На третий день после этих парашютов, меня, Уманского, Губанова из моей группы, и еще человек 7 или 8 из других групп направляют в штаб района, к Северскому. Мы пришли туда, нас покормили. Статик Ветовский там был хозяином, кормил нас. Там продукты остались. И там я опять стал командиром группы, стал охранять этот районный штаб. Потом стали опять немцы наступать, опять начались бои, - и всё равно приходилось отходить. К нам стали летать самолеты, бросать продукты, эти продукты надо было прятать. Так вот, моей группе доверили еще и прятать эти продукты. Мы стали прятать их на деревьях недалеко от расположения нашего отряда. Первое время, когда мы прятали их в земле, немцы их находили. А когда стали прятать на деревьях, первое время не находили, - а потом стали находить и на деревьях тоже. Тоже все или заберут, или побросают. Потом нам стали давать боевые задания. Мы стали ходить на шоссейную дорогу. Придем к шоссейной дороге, заляжем, ждем, когда машин поменьше идет. Слышим: машина-одиночка идет, или 2-3 машины. Тогда мы их забрасывали гранатами, и тут же уходили. Некоторые немцы отстреливались, а некоторые бежали.
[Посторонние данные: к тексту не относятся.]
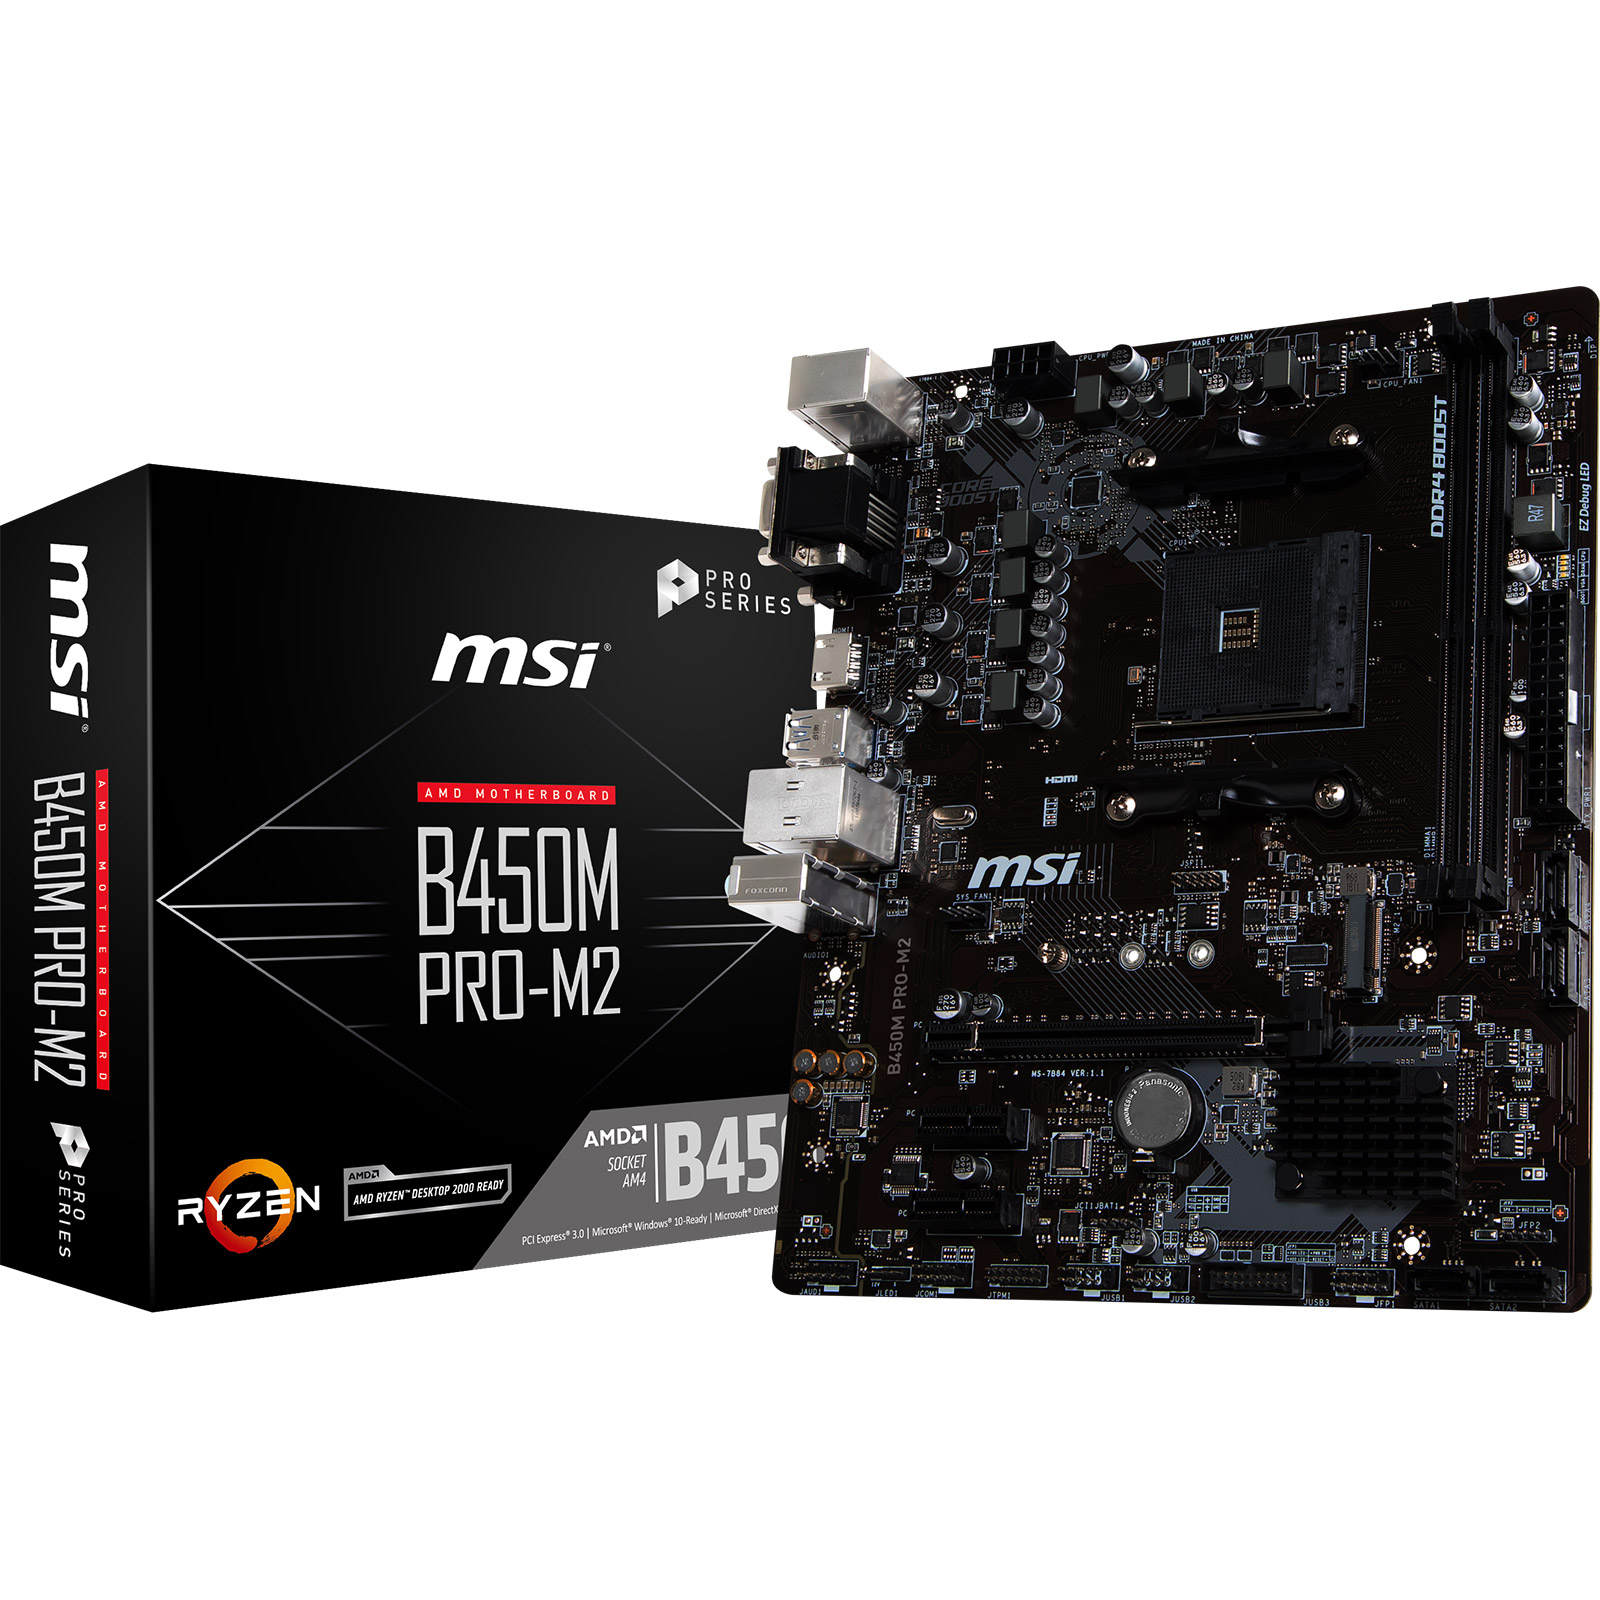 Carte mère MSI B450M PRO-M2 Carte mère Micro ATX Socket AM4 AMD B450 - 2x DDR4 - SATA 6Gb/s + M.2 - USB 3.0 - 1x PCI-Express 3.0 16x

Мы благополучно уходили, но иногда были и потери...

 

 

А.Д.: - До вас доходила информацию о том, что Севастополь сдан?

- Знали. 3 июля 1942 года.

А.Д.: - После того, как сдали Севастополь, к вам в партизаны кто-то пробивался?

- Мы ходили под Севастополь, думали, что там найдем своих. Нашли несколько человек: один был секретарем симферопольского Горисполкома, и еще несколько человек нашли. Мы видели, как наших пленных вели с Севастополя на Бахчисарай, и в Симферополь, - но была такая охрана, что мы не могли ничего сделать. Железная дорога была позади нас, а она в какой-то яме проходит, очень глубоко. Через нее нам надо пробираться, чтобы в лес попасть, - не вылезешь потом обратно. Туда спустишься, а потом на этой стене расстреляют. Мы ничего не могли сделать, абсолютно! А там много, столько вели наших войск! Охрана, собаки. К нам пробились единицы: человек 7-8, не больше. Мы их проверили. Были ли они там, нет ли...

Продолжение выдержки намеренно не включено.